COLLECTED MATERIAL —
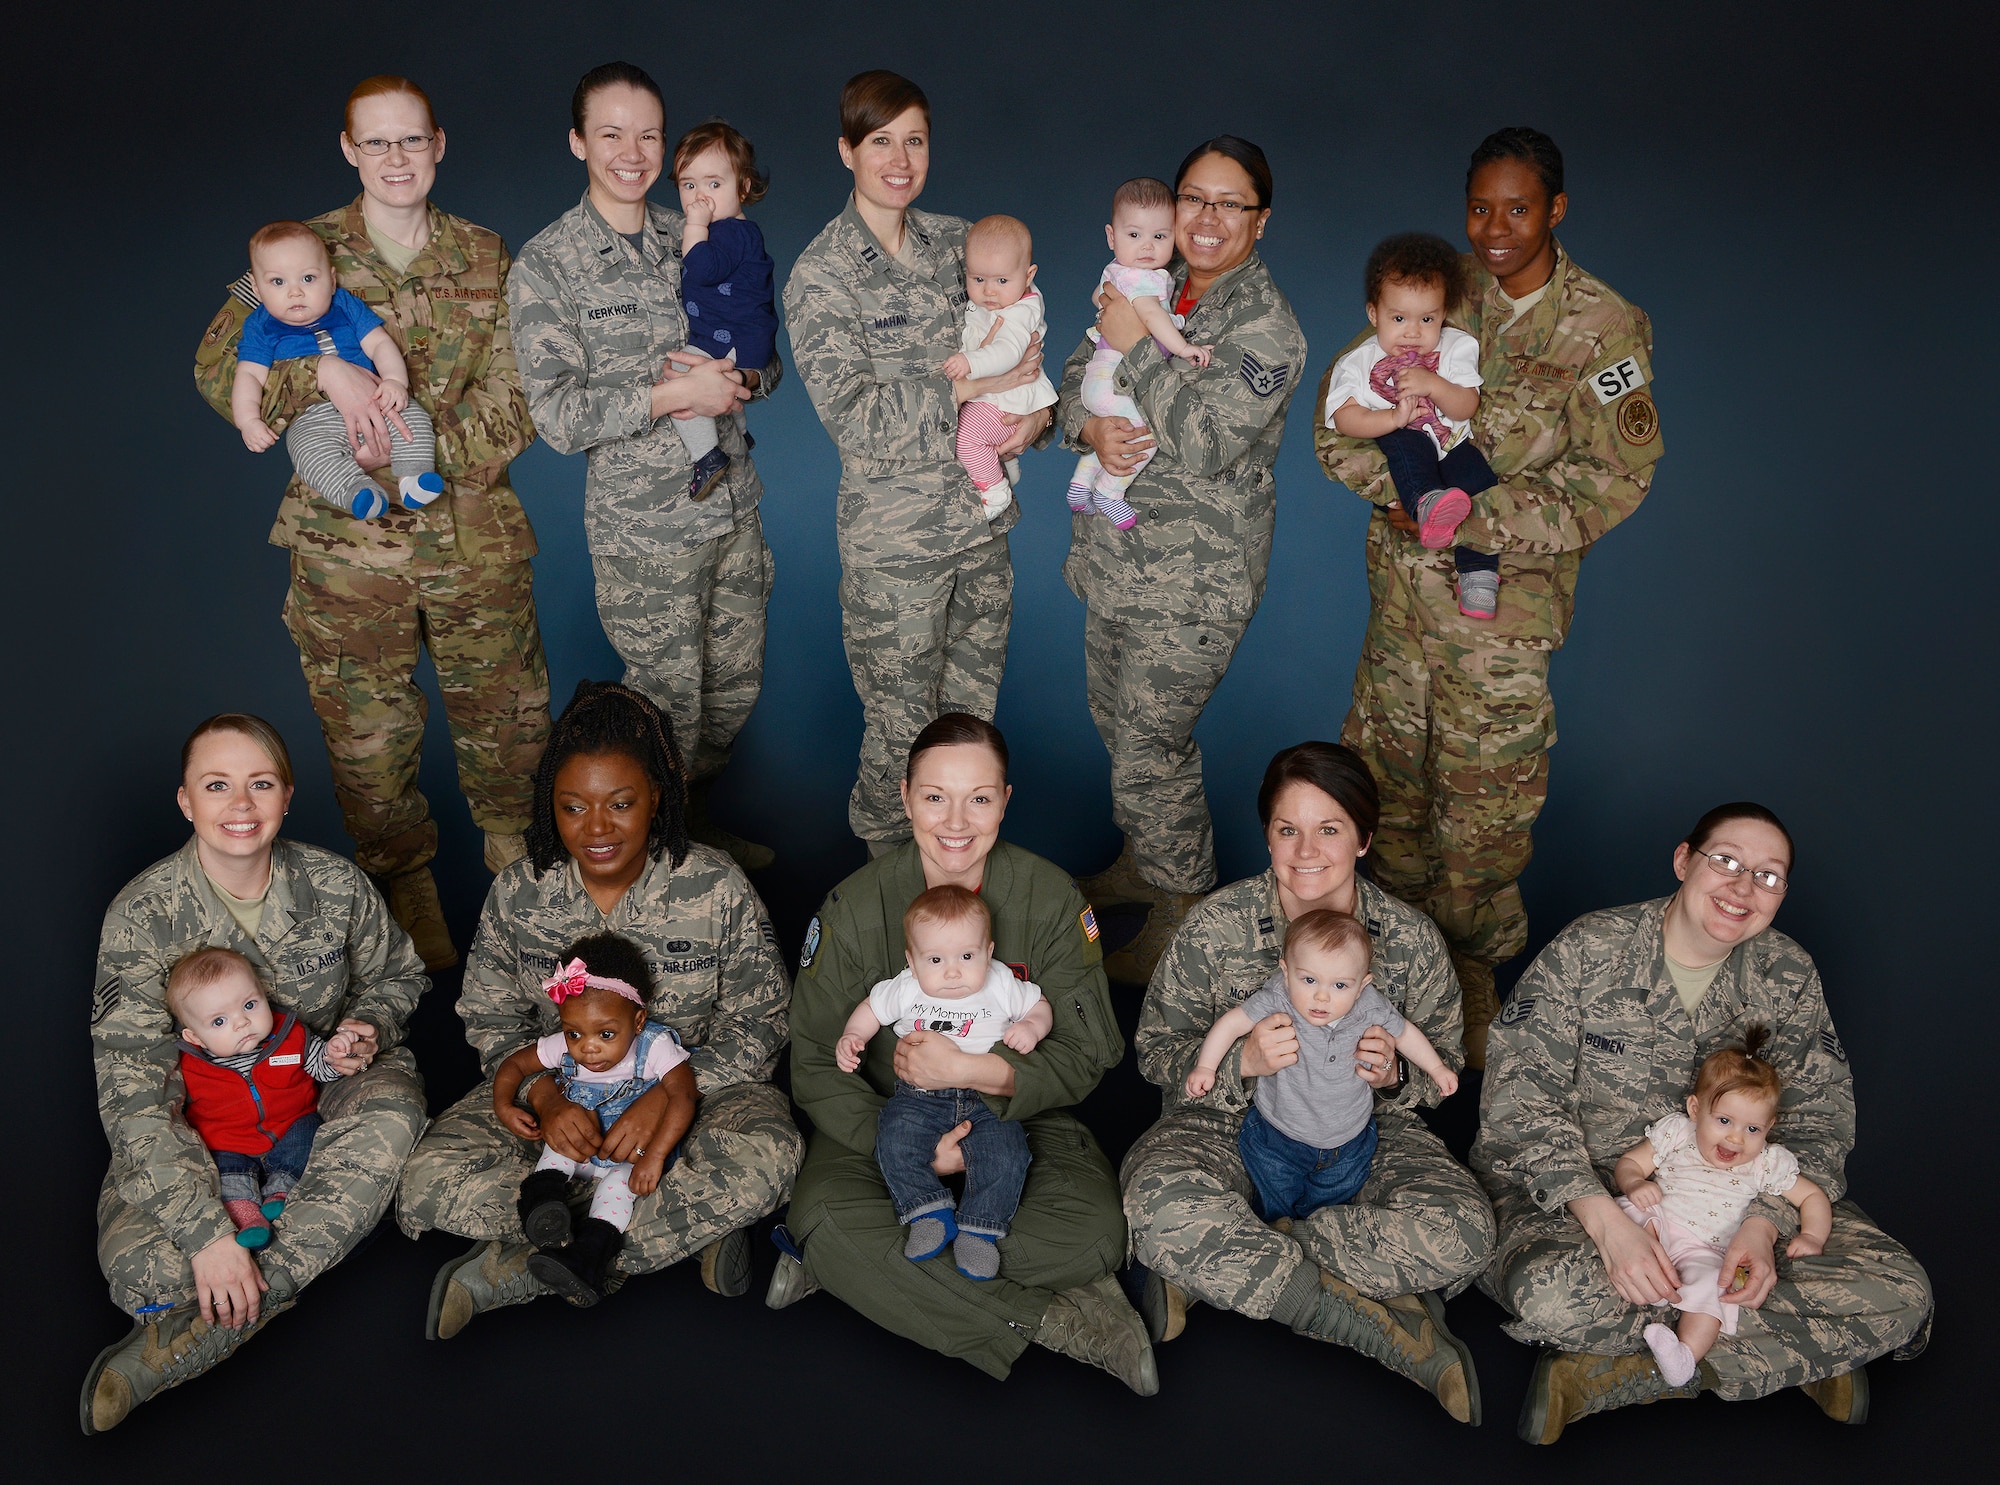 A group of 10 mothers represent a portion of women serving in the U.S. Air Force while breast-feeding their child. August is recognized as National Breast-feeding Month. (U.S. Air Force photo by Beau Wade)
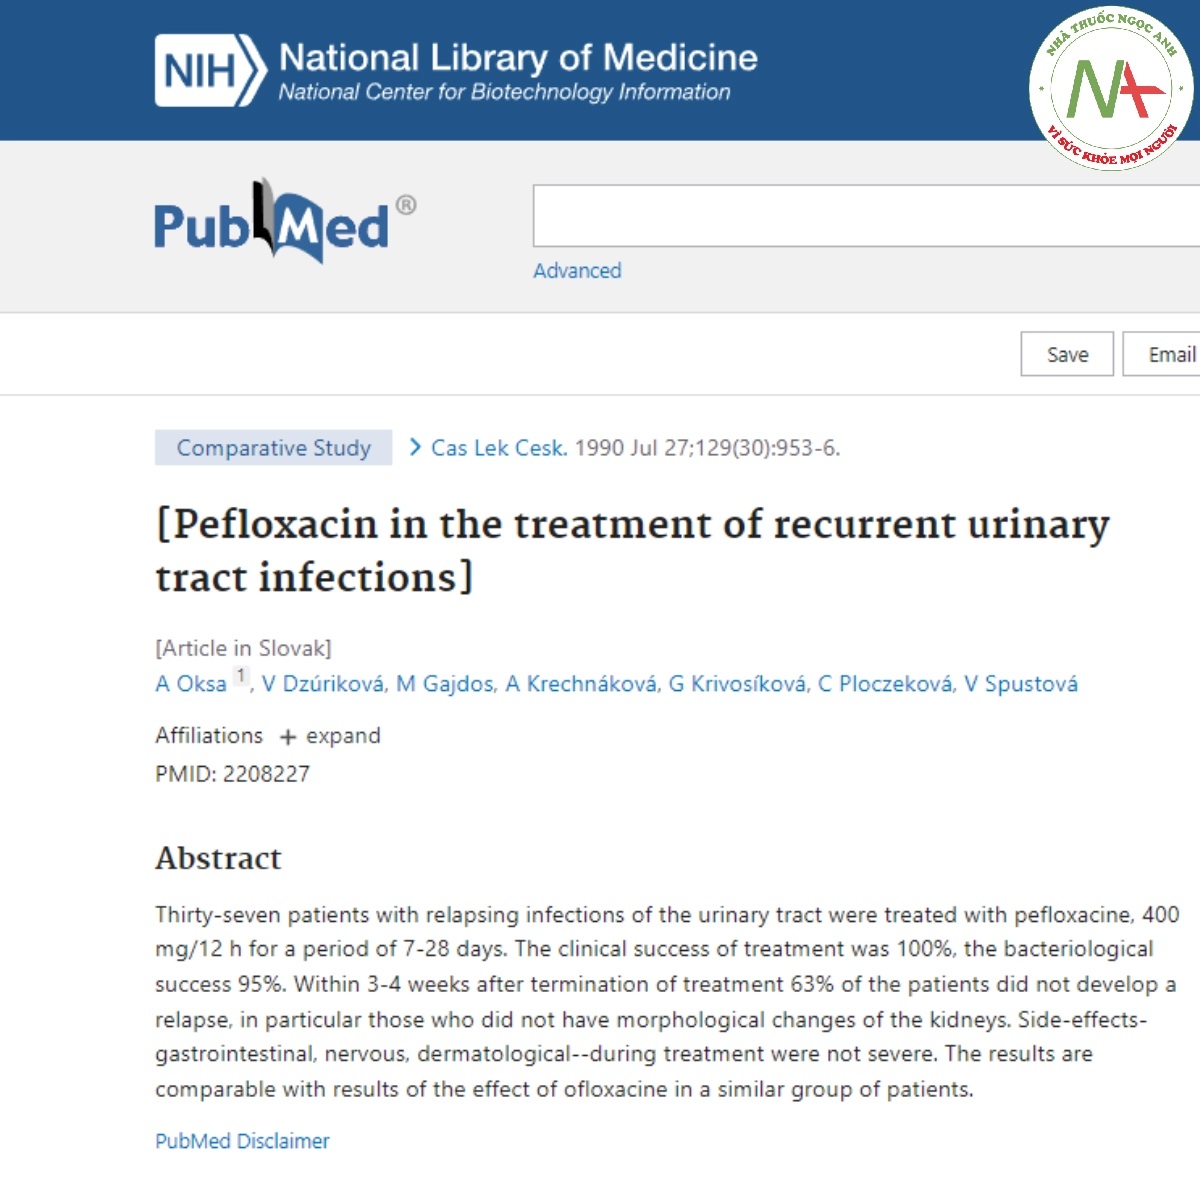 Pefloxacin in the treatment of recurrent urinary tract infections
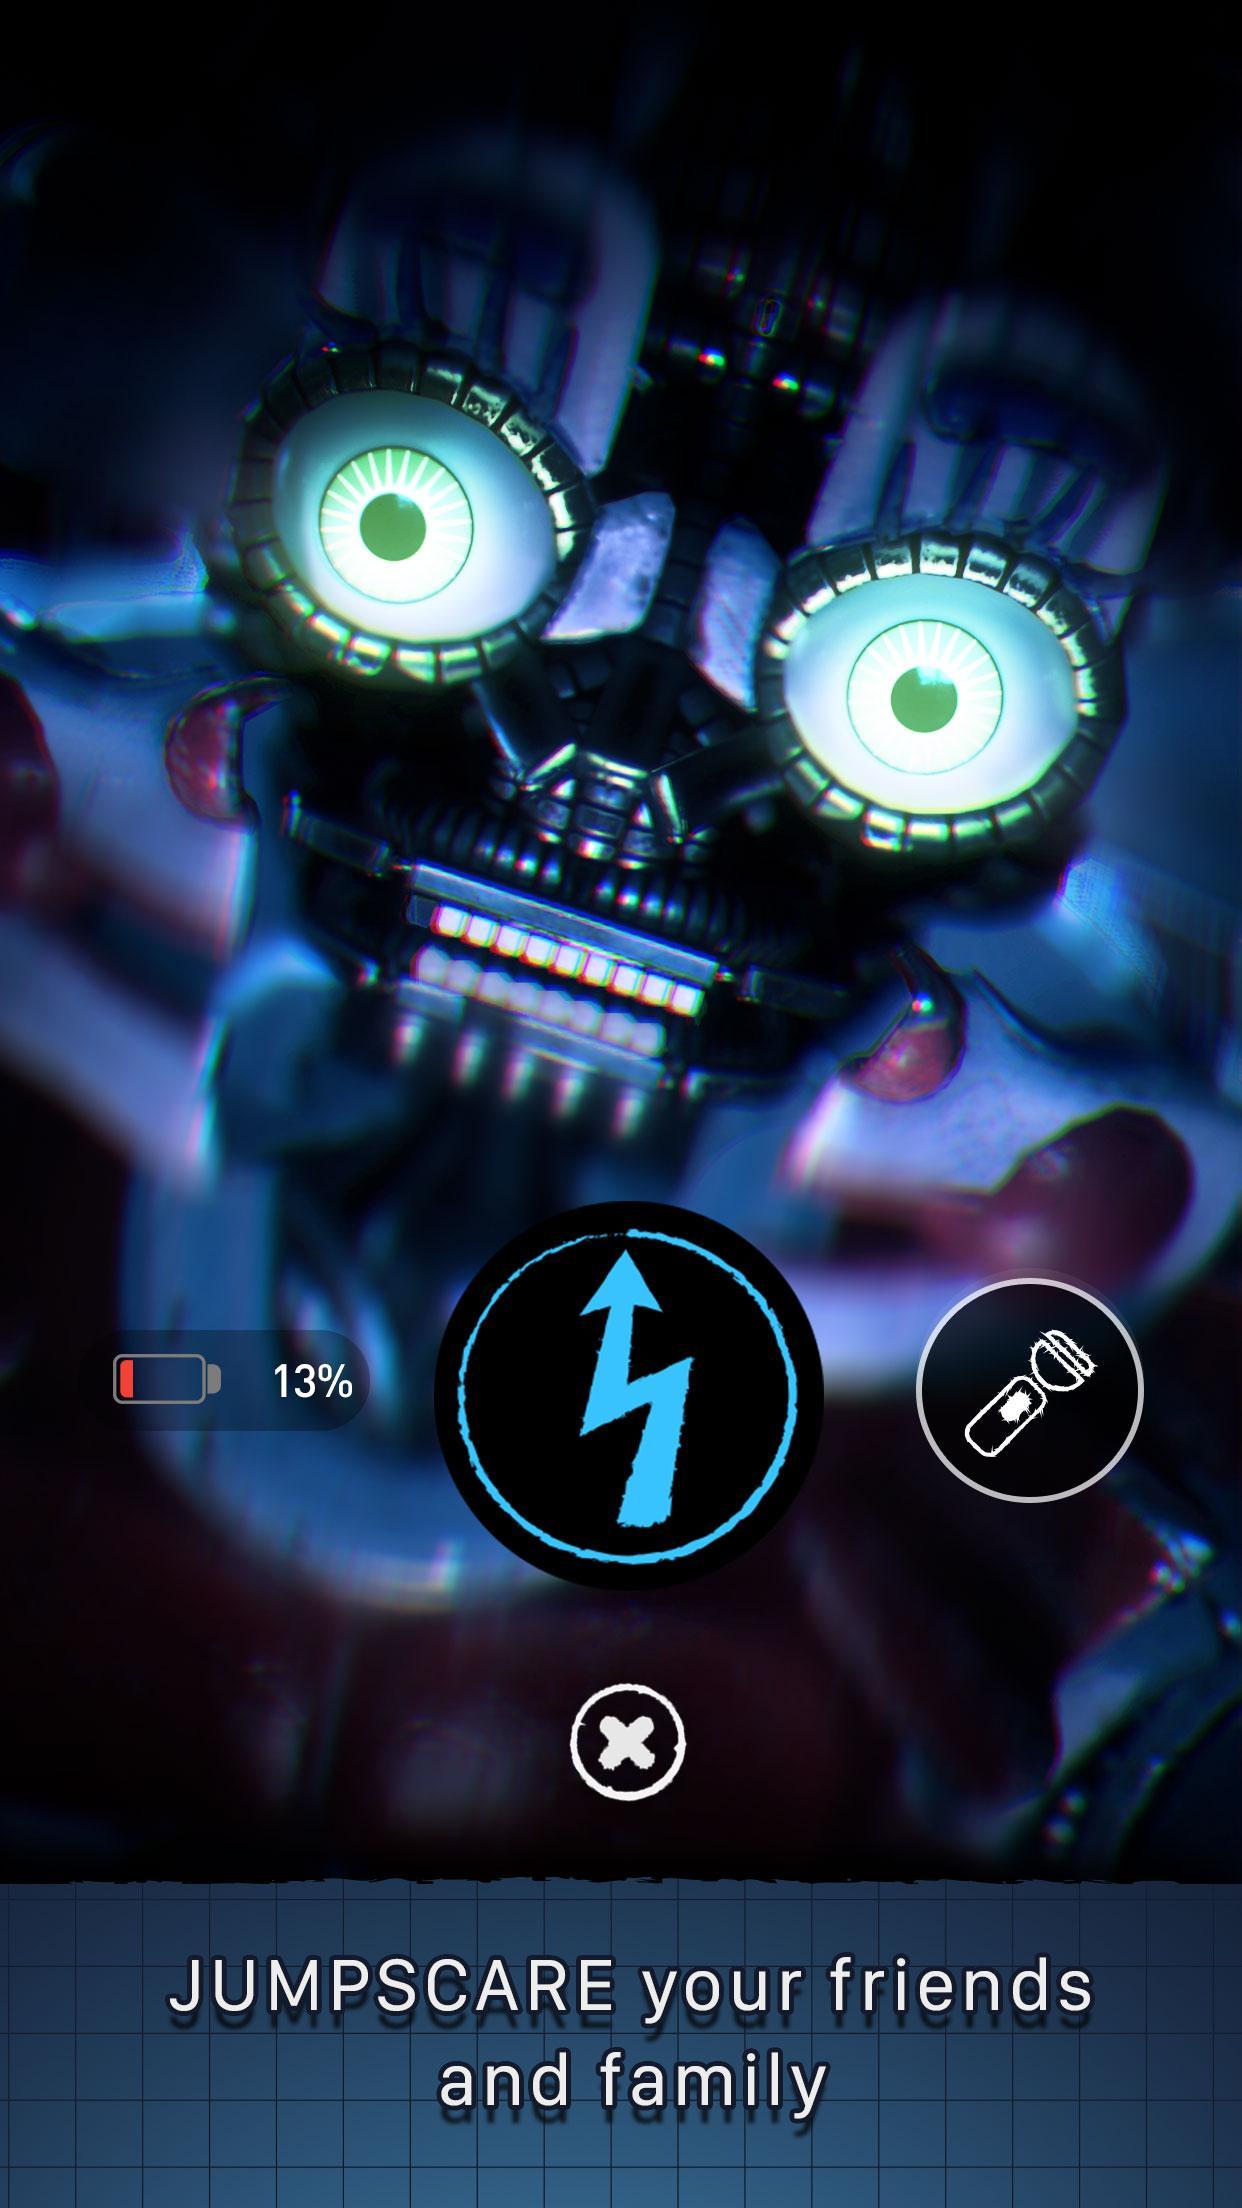 Five Nights at Freddy's AR: Special Delivery 1.1.1 APK Download by Illumix  Inc. - APKMirror

PROBLEM REQUIREMENTS —
Set down, in exact form, only the lines that start at the one containing "Pefloxacin in the" and finish at the last line of the material; pictures do not go in.

REPLY —
 Pefloxacin in the treatment of recurrent urinary tract infections
 Five Nights at Freddy's AR: Special Delivery 1.1.1 APK Download by Illumix  Inc. - APKMirror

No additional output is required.